The density of the present...
I write urgent pleas to a future me, begging him to tell me that it gets better, that we make it through, that tomorrow will hurt less than today.
I reply from a later time. I write letters to the scared and lonely person that I was just days, weeks, years, or even moments before this one. I temper honesty with compassion, and I try to answer.
I tell him that almost nothing ever gets easier, but resilience is a muscle. Persistence is a skill.
Not everything gets better, but some things do.
Some hurts will hurt less. Some will hurt the same. For better or for worse, you’ll find new hurts everyday. But, you’re still here. You’re ok.
Nick Cave says that “joy exists both in the worst of the world and within the best". That it "often finds its true voice within its opposite". That "Joy sings small, bright songs in the dark”. The books you’re reading, the words you’re writing, the things you’re making, everything you do, it makes a difference, it adds up, it helps to soothe. Every effort matters. It’s worth it. I promise.
Time "is not like a river, flowing in one direction," Madeleine L'Engle says, it is "more like a tree". We are rooted to a place in time, but we can grow above it. We can stretch past it. In a broad and reaching advance of branches branching beyond branching, we live across it.
We think that the past is somewhere different. Somewhere we've left behind. A place we used to be. We think that the future is something far off and away. Someplace way out there, but it isn't. It's all still right here.
Carlo Rovelli says that "the difference between the past and the future refers only to our own blurred vision of the world." Nothing escapes the gravitational pull of the present and that includes both the future and the past.
Everything that has ever happened, everything still to come, everyone that has ever lived, everyone that ever will, every person you've ever been, every person you will be, are always within reach, always ready at hand. None of it ever leaves. The present keeps pulling it along, reaching back and out and forward and pulling it all to 'here'.
And yet, even after countless admonitions to be present, here is the place we still struggle to appreciate being. The problem is not one of distance, but of density.
For most of us the present lacks potency, lacks profundity, because we have narrowed the moment to a sliver. We have made it into something confined.
It’s true that “Our ‘present’ does not extend throughout the universe”, that “It is like a bubble around us”, says Carlo Rovelli, but we can control its circumference. We can seek to increase its diameter.
To live more fully across time is to increase, one's "personal density". It is to increase the mass of the moment, to broaden the breadth of nearness and immediacy. It is to recognize the overwhelming extent of our "temporal bandwidth" that is always available right here. It is to recognize the tremendous width of now. "The more you dwell in the past and in the future", Thomas Pynchon says, “as they exist in the here and in the now, the thicker the density of your here-ness, the more solidity will be added to who you are.” You can transform your locality into a range of amplitude.

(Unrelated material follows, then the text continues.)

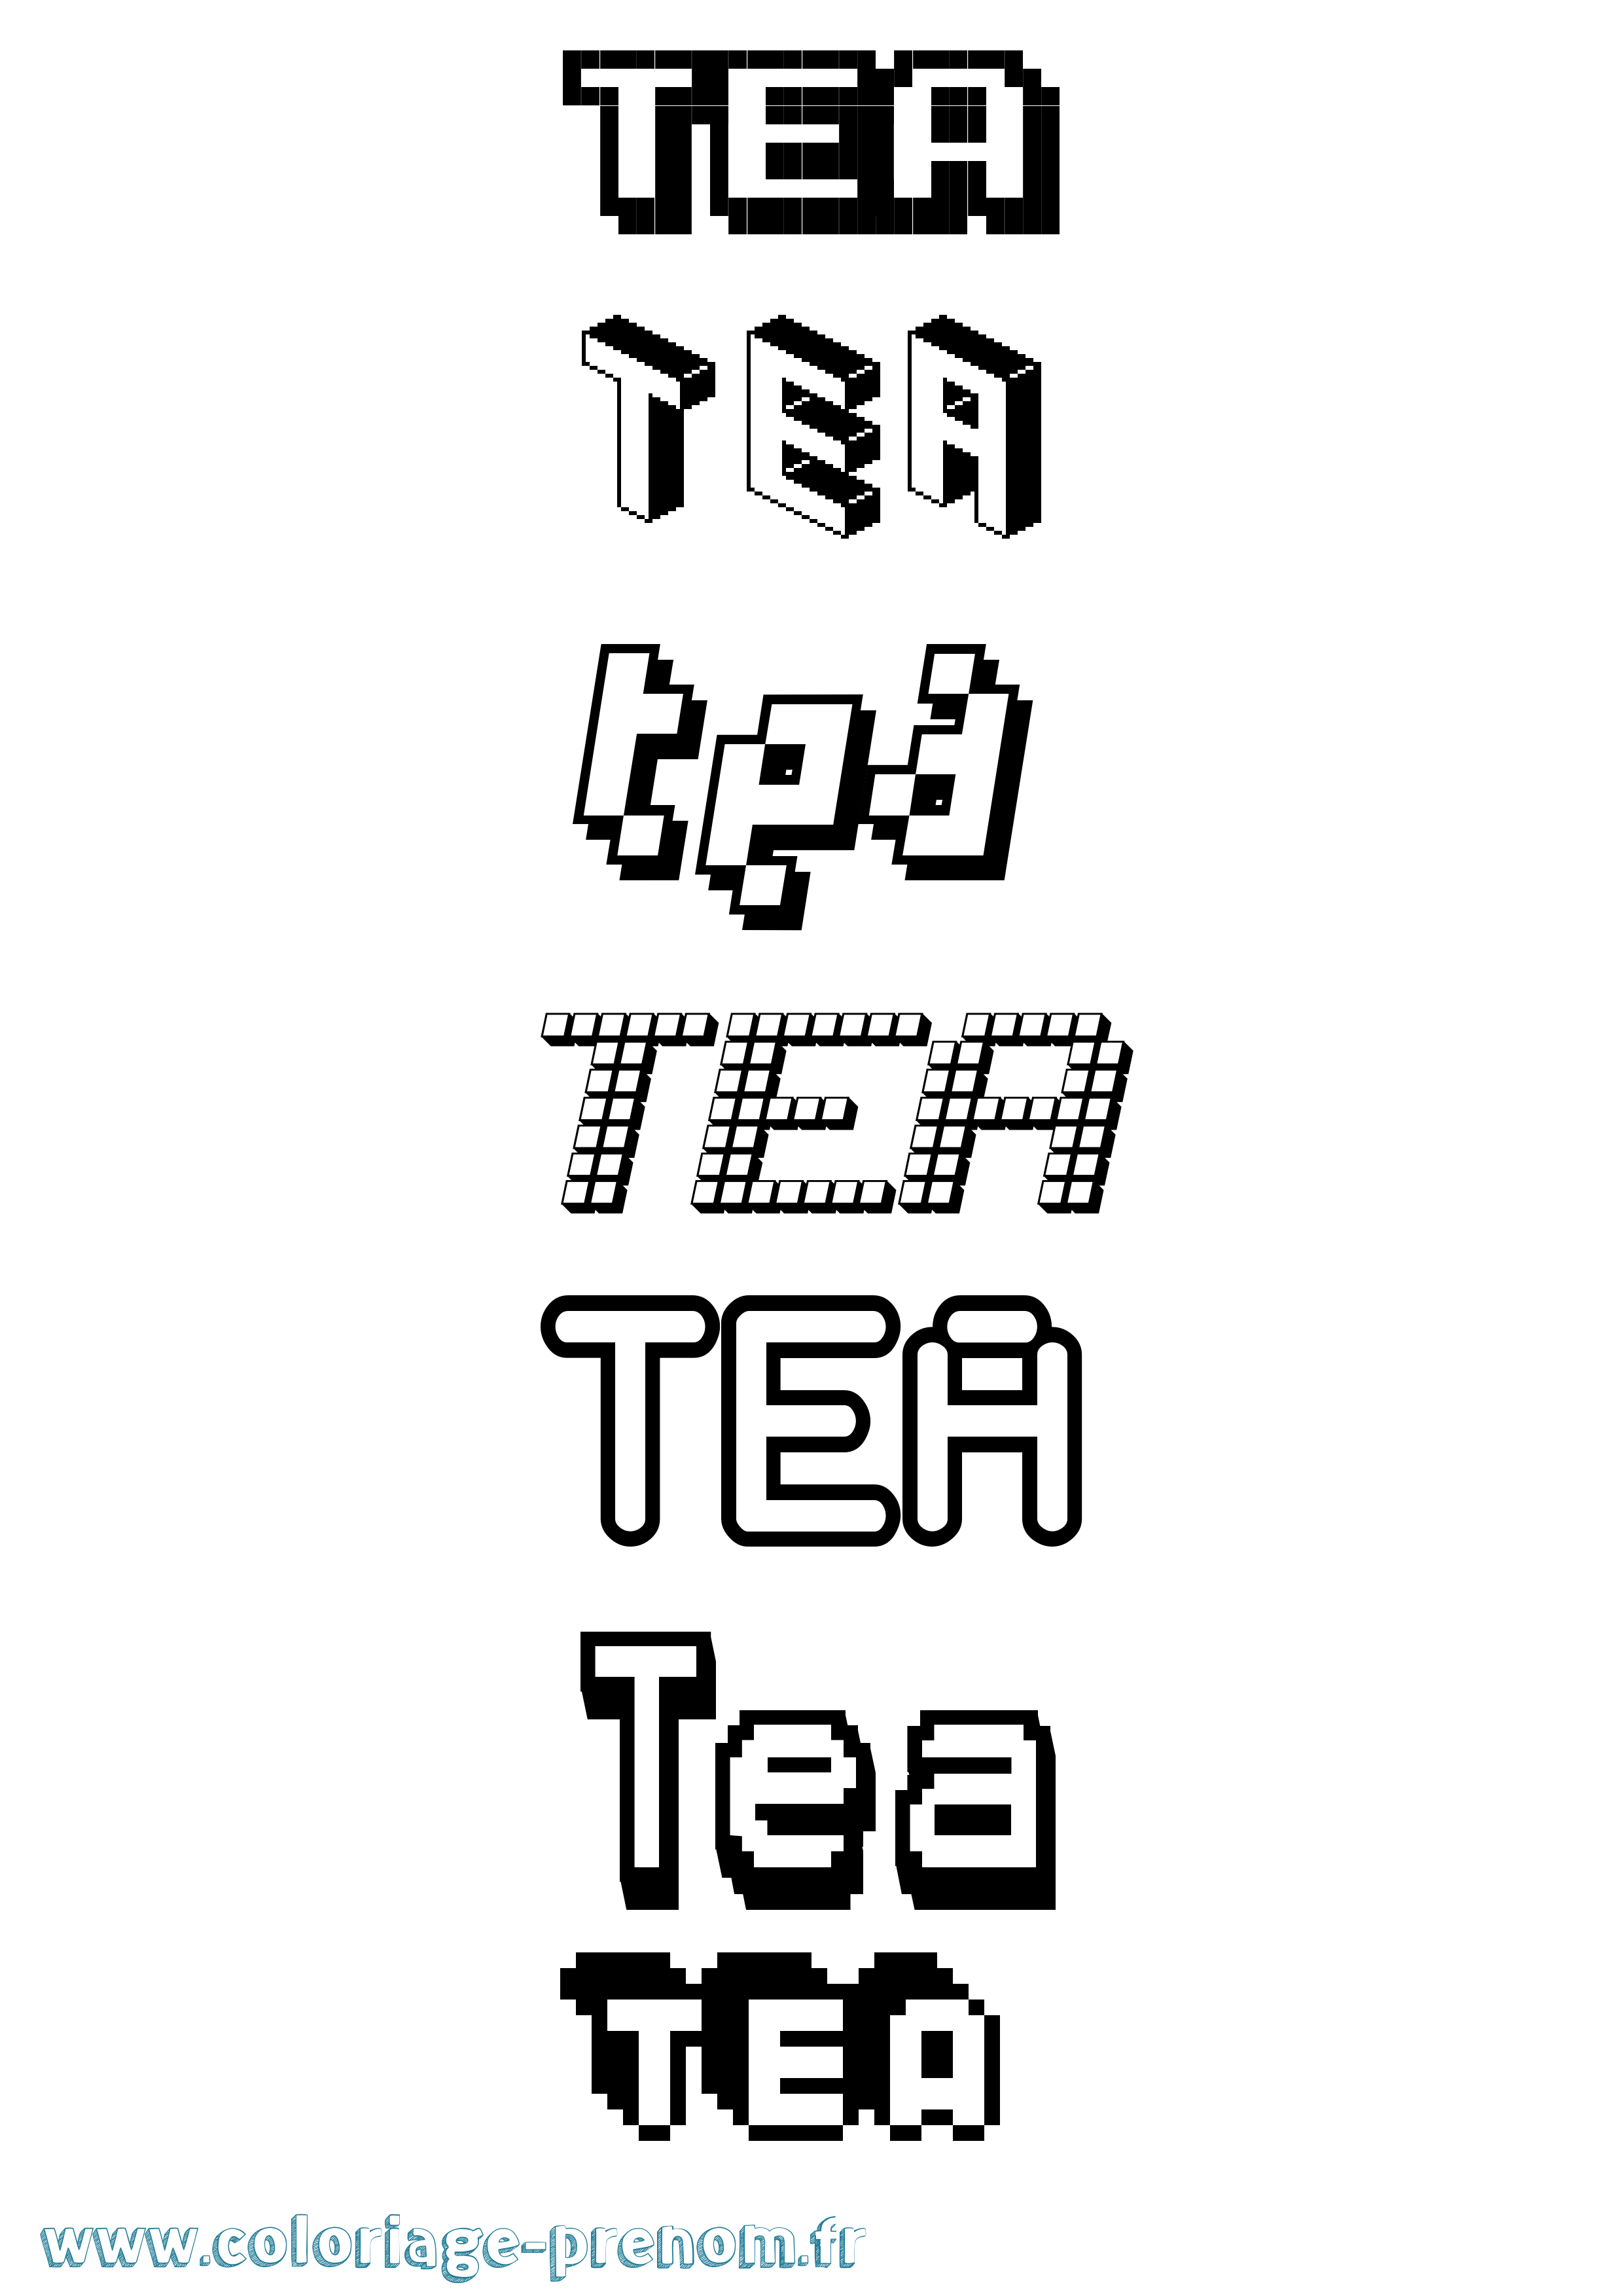 Coloriage prénom Tea Pixel

Books, and writing, and art are what help to connect us to a breadth beyond where we are. Drawn deeper into the Tao of all there is. “Thoughts and emotions that create bonds of attachment between us have no difficulty in crossing seas and decades, sometimes even centuries,“ says Rovelli. “We are part of a network that goes far beyond the few days of our lives and the few square meters that we tread.”
We can live on both sides of something created. Communicate with those who are in either direction. We can be guests at the table of thinkers past. Invite others yet present to sit at our own. Become students of those who have gone. Pose questions to those who have not yet arrived.

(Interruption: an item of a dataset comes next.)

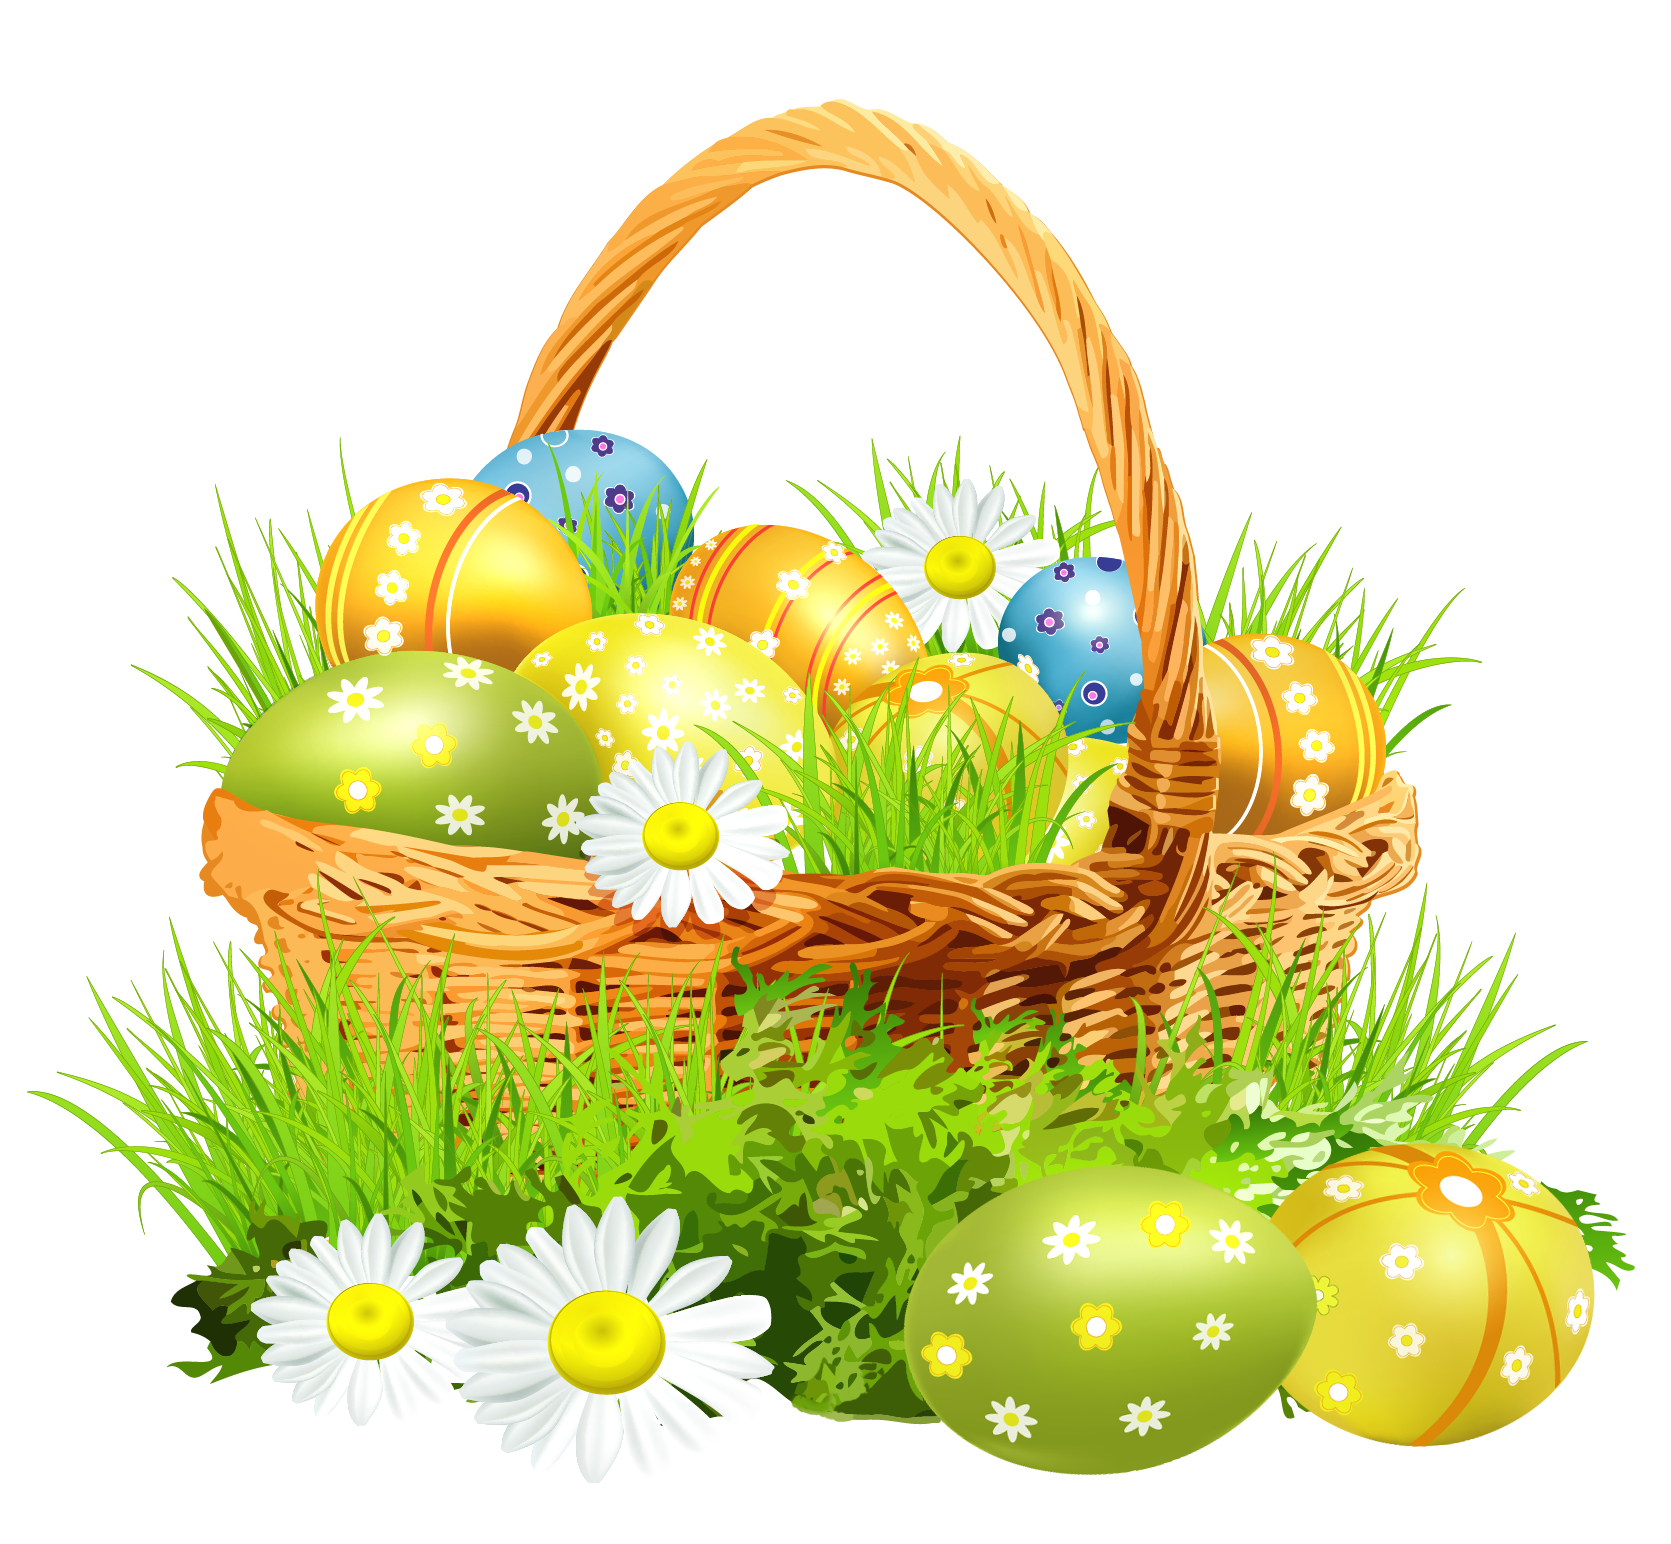 Transparent Easter Basket and

"We are not meant to be as separated as we have become from those who have gone before us, those who will come after", writes L'Engle. Nor are we meant to be separated from ourselves. You are every previous version of yourself reborn simultaneously. You are every unfathomable future self that you have yet to be.
Everything we make is a time capsule holding secret messages garnered from the past, written to the future. The infinity of possibilities of who we might one day be. All within this moment. Everything, right here.
We can speak to all our renditions across and behind the meridian of a text. Both the forgone and the forthcoming. Everything, all at once.
This is what it means to grow in depth and breadth and maturity. It "consists", Thomas Traherne says, "in not losing the past while fully living in the present with a prudent awareness of the possibilities of the future".
This is what I tell myself. This is what I'm telling you.